Date: October 18, 2022
Host: Dahlia Lithwick
Guest: Jessica Levinson
Theme: Examining the “pendulum” of women’s rights in law, the evolution of equality, how rhetoric weaponizes the law, and the real-world consequences post-Dobbs.
Episode Overview
This bonus episode of Amicus features a live-recorded, in-depth conversation between host Dahlia Lithwick and law professor Jessica Levinson. Together, they reflect on achievements and setbacks for women in the law, unpack the symbolic and real dangers of weaponizing legal rhetoric against women, and examine the current legal climate following the Supreme Court’s Dobbs decision overturning Roe v. Wade. The tone is urgent yet reflective, mixing hard truths with encouragement to keep fighting for progress.
Key Discussion Points
1. The Pendulum of Progress for Women in Law
- Lithwick’s Perspective: She recounts how, only a couple years prior, she was optimistic about the state of gender equality in the legal profession:
- “We are so close to complete equality. Look at us. You know, we're 50% of every law school class, and we're kind of clawing our way into the highest echelons at law firms and at law schools. And look at all the women deans of law schools in the last 10 years. I mean, it's breathtaking.” (03:03)
- Pendulum Analogy: She describes progress as non-linear — “every single major civil rights movement… is one step forward, one step back, two steps forward, one step sideways” (03:30).
- Current Moment: Lithwick observes a backlash, not only in gender rights but across civil rights: “Things that seemed certain 5, 10, 15 years ago are really, really, I think, destabilized.” (03:54)
2. The Law as a Double-Edged Sword
- Lithwick reflects on the contradictions faced by marginalized groups:
- "The same legal processes and systems that were used to criminalize your behavior... are now the processes that make us free and equal..." (04:39)
- She references W.E.B. Du Bois' "double consciousness," comparing it to how women navigate being both recipients of progress and continued discrimination:
- “We move through the world as two creatures, one the beneficiary of American exceptionalism and also the recipient of a long, long legal tradition that says you're nothing.” (05:00)
- Post-Dobbs, she stresses the threat goes beyond abortion:
- "This isn't just about abortion, this is about miscarriages. This is about birth control, this is about pregnancy, this is about how we raise our children." (05:18)
3. Historical Context: The Role of Men in Legal Foundations
- Lithwick symbolically discusses her book’s pink cover:
- "The law is very much a pink book that was written by men for men, and that the framers and the drafters... controlled every aspect of a woman's life for centuries, for millennia, were men." (04:07)
4. Law as Instrument of Oppression: “Lock Her Up”

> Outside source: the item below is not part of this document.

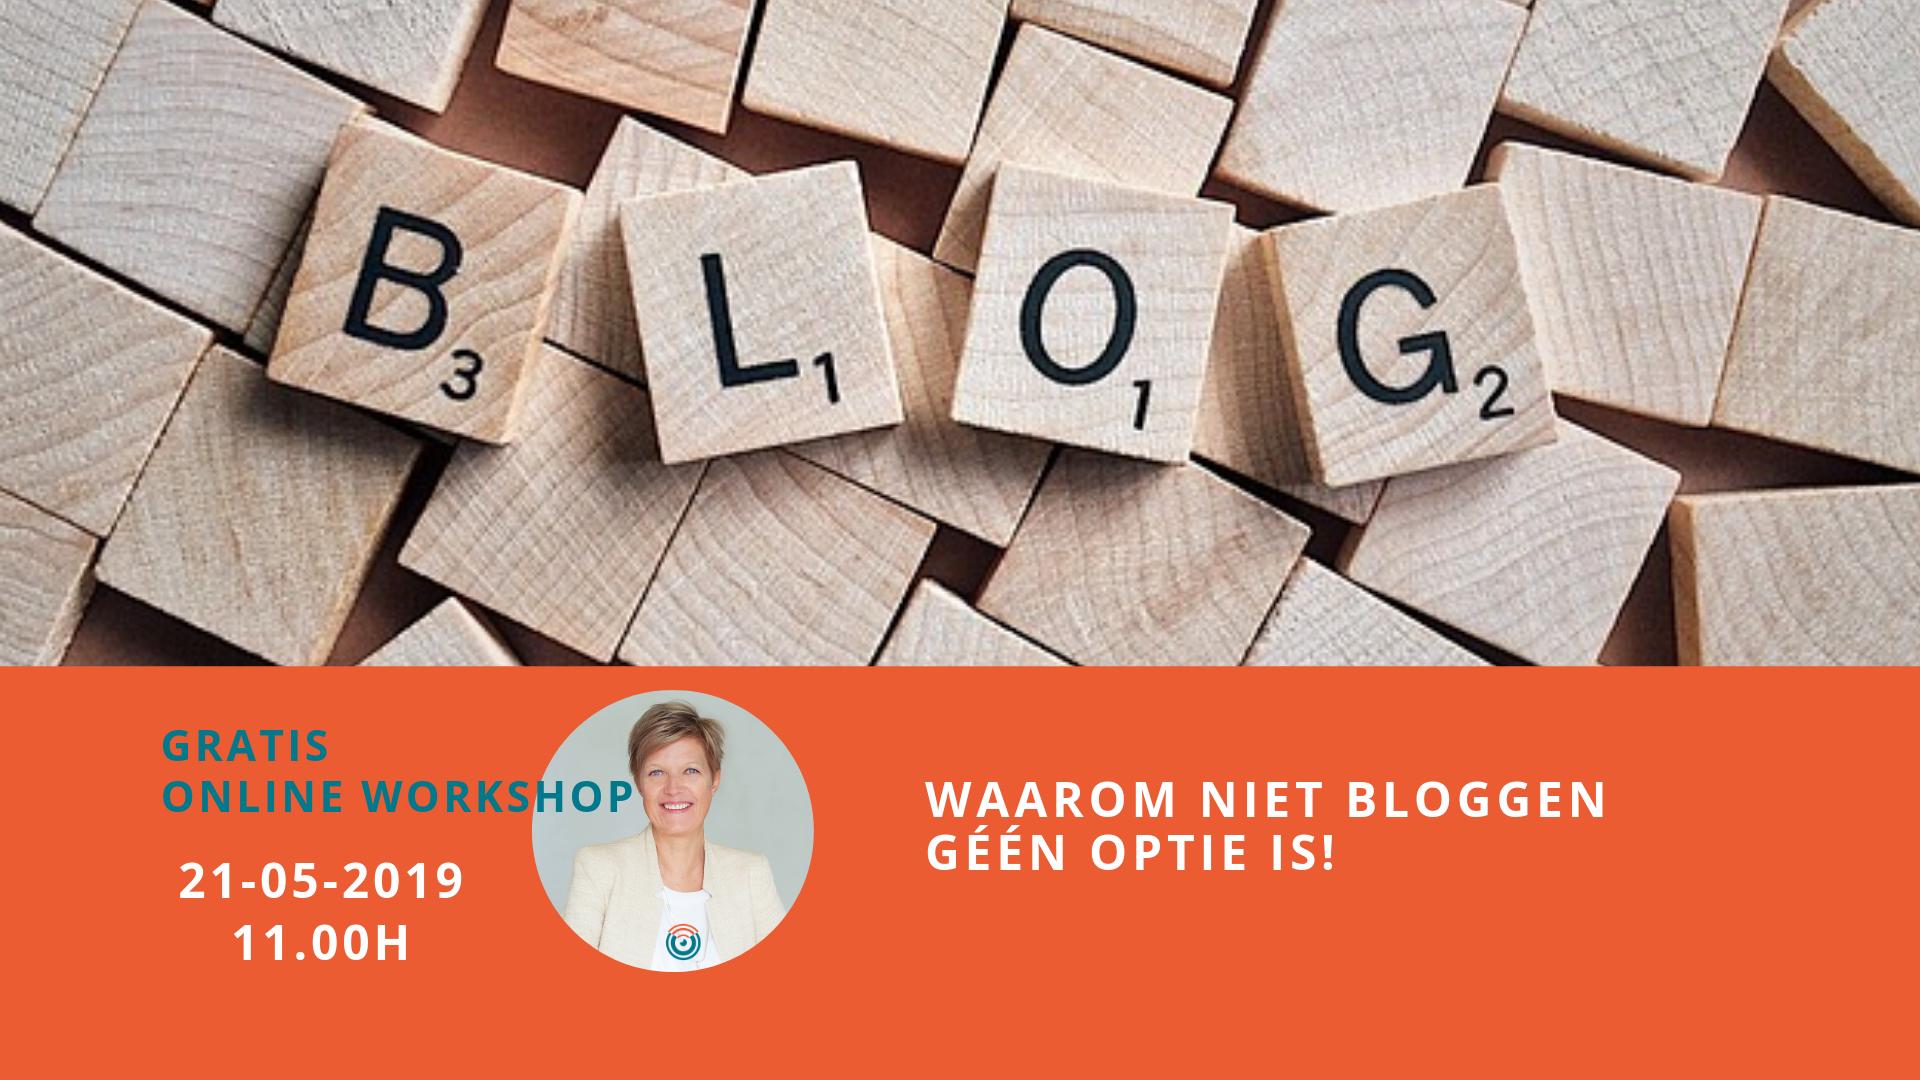 Webinar Bloggen 21 mei 2019 Optimazing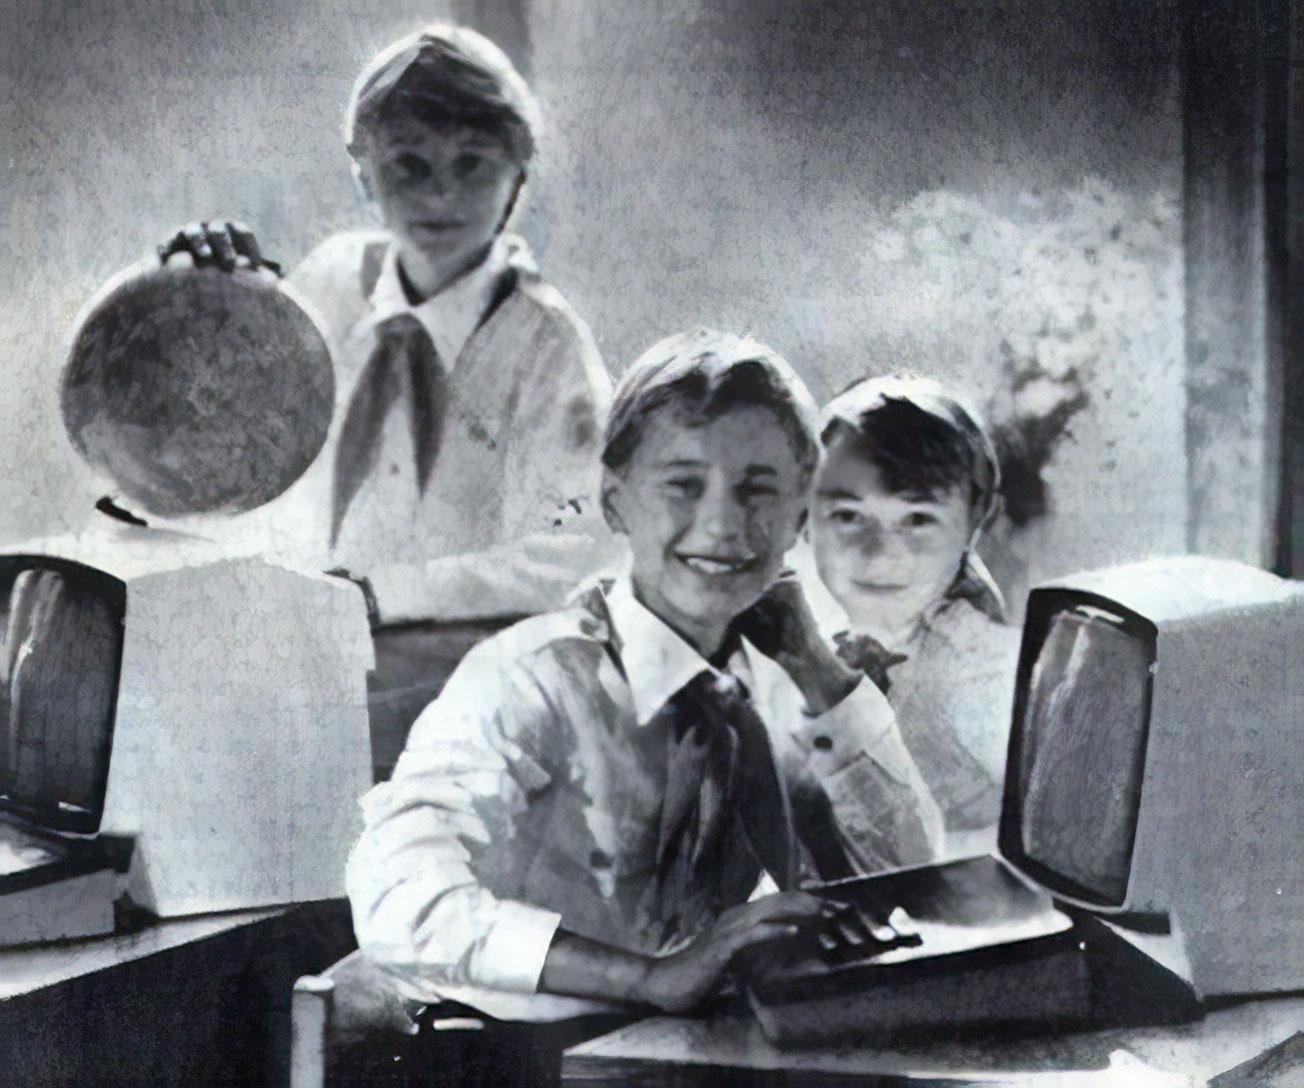 Zdjęcie zamieszczone wmoskiewskiej gazecie Prawda, wydanej 1 września 1985 roku. Nazdjęciu mikrokomputer Meritum Iorazmonitor Unimor Neptun 156.

- Jessica Levinson asks about the chant “Lock her up” and its evolution as a tool of oppression:
- “Can you talk about how this 'Lock her up' chant is, one, a metaphor in the book, but two, how it really is, I think a through line through a lot of the stories.” (06:09)
- Lithwick traces its progression from “Iron my shirts” (seen as mere sexism) to “Lock her up” (a legalistic threat):
- “‘Lock her up’ is really threatening. ...That's using the machinery of the law to incarcerate a woman, not ever for anything specific other than what, saying unpopular things?” (07:17)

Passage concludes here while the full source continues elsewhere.